The teams shaping strategy, she adds, are “those best equipped to combine storytelling with targeting, measurement, and optimisation.”

But shared ownership brings its own complications. “The absence of clear ownership has, at times, created friction,” Agarwal admits. “We see overlaps in planning, fragmented budgets, and different success metrics across TV, digital, and performance teams, which can slow decisions and dilute impact.”

While she sees this as a transitional phase, the day-to-day reality is that agencies are often left mediating between competing internal priorities, smoothing over differences without fully resolving them.

From the adtech perspective, the conversation is being reframed. Nikhil Kumar, Chief Growth Officer at mediasmart by Affle, argues that CTV’s hybrid nature makes the traditional ownership debate less useful. As targeting, measurement, and outcome-based capabilities on CTV have advanced, performance teams are increasingly including it in their plans. “Because CTV spans both brand and performance goals, planners are starting to think beyond silos,” Kumar says. “Ultimately, the focus shifts from who owns CTV to how we make CTV work harder across the full funnel.”

Programmatic activation is central to this shift. “When CTV is activated through a full-funnel programmatic DSP, it stops behaving like a standalone branding channel and starts acting as a performance lever,” Kumar explains.

This approach, he says, allows for a more unified view of exposure, frequency, and outcomes across screens, making it easier to track CTV’s influence on downstream engagement and action.

However, even if programmatic integration streamlines execution, it doesn’t fully answer the internal question of accountability when results underperform.

Platform players see the fragmentation in more practical terms. Abhijeet Rajpurohit, COO and Co-founder of CloudTV, says ownership patterns are largely shaped by organisational legacy. “Because CTV sits at the intersection of TV and digital, ownership usually depends on a company’s heritage,” he says. “Broadcast-led organisations often assign CTV to TV or brand teams, while streaming-first or digital-native businesses typically place it with digital or performance teams.”

The biggest issues, he adds, surface in hybrid structures. “In organisations where both TV and digital teams coexist or are still evolving, ownership often becomes unclear, as each team views CTV through its own lens and has only a partial understanding of the channel,” Rajpurohit explains.

That ambiguity directly impacts execution. “Planning, buying, and measurement often become misaligned,” he says. “TV teams apply reach-based logic, digital teams prioritise performance metrics, and CTV ends up being judged inconsistently.” The result is “duplicated effort, internal debate, and underuse of CTV’s full potential.” True end-to-end expertise across both TV and digital, he notes, “is still rare,” which is why fragmentation continues.

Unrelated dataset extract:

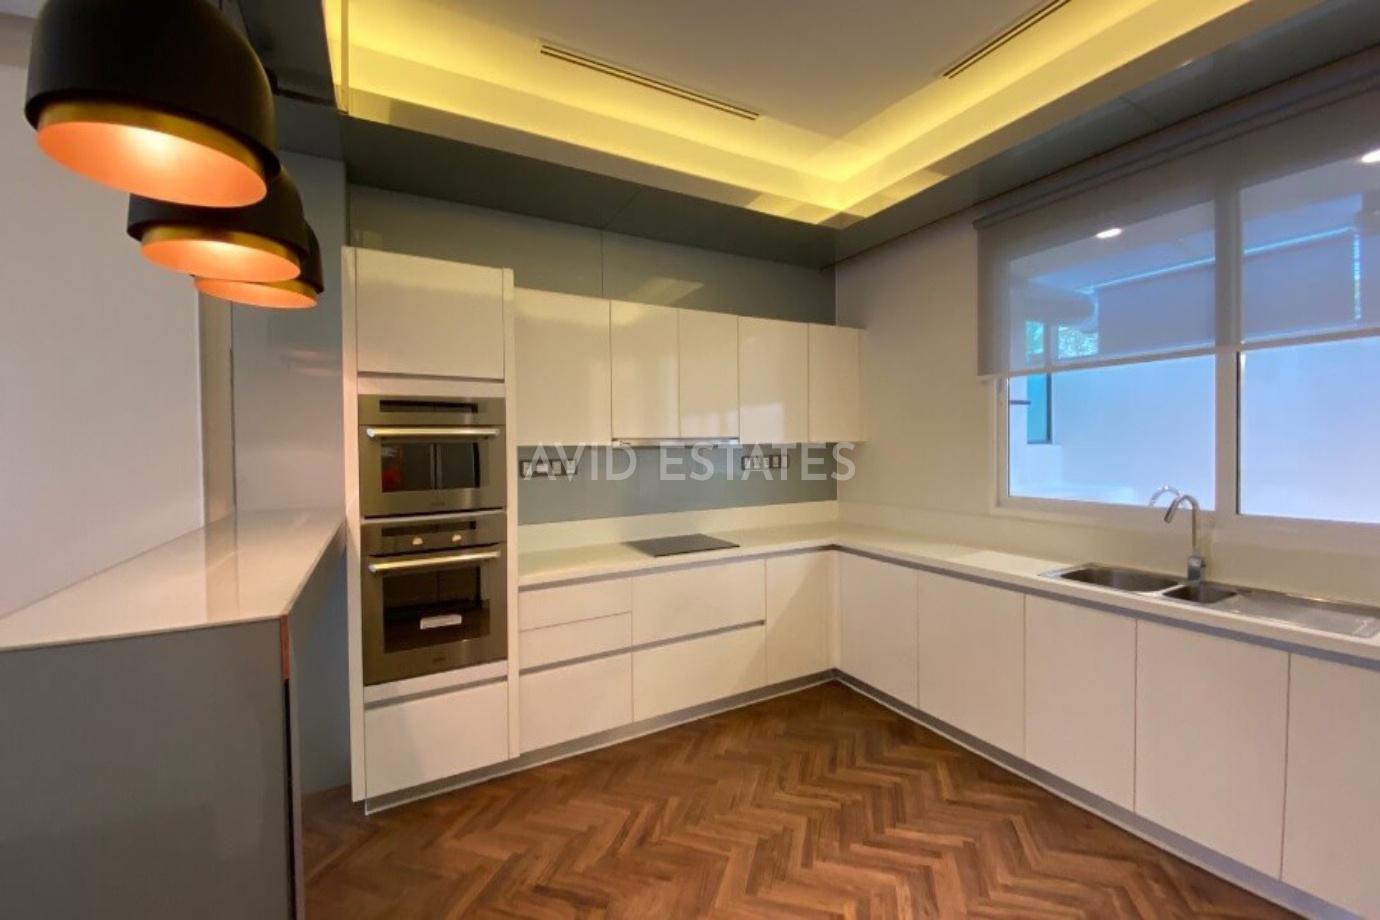 East Residence, KLGCC, Mont Kiara,Kuala Lumpur, 5 Bedrooms Bedrooms, ,7 BathroomsBathrooms,Terrace / Link,To Let,Mont Kiara,2147

Taken together, these perspectives point to a consistent theme. CTV has budgets, dashboards, and growing expectations. What many Indian organisations still lack is a single internal owner ready — and empowered — to take responsibility for outcomes.

As CTV becomes more embedded in annual planning and faces greater scrutiny from leadership, that grey area becomes harder to sustain. For now, the channel remains suspended between teams, shaped as much by organisational inertia as by media strategy. And as its role in the mix expands, the real question is whether internal structures will ever fully catch up.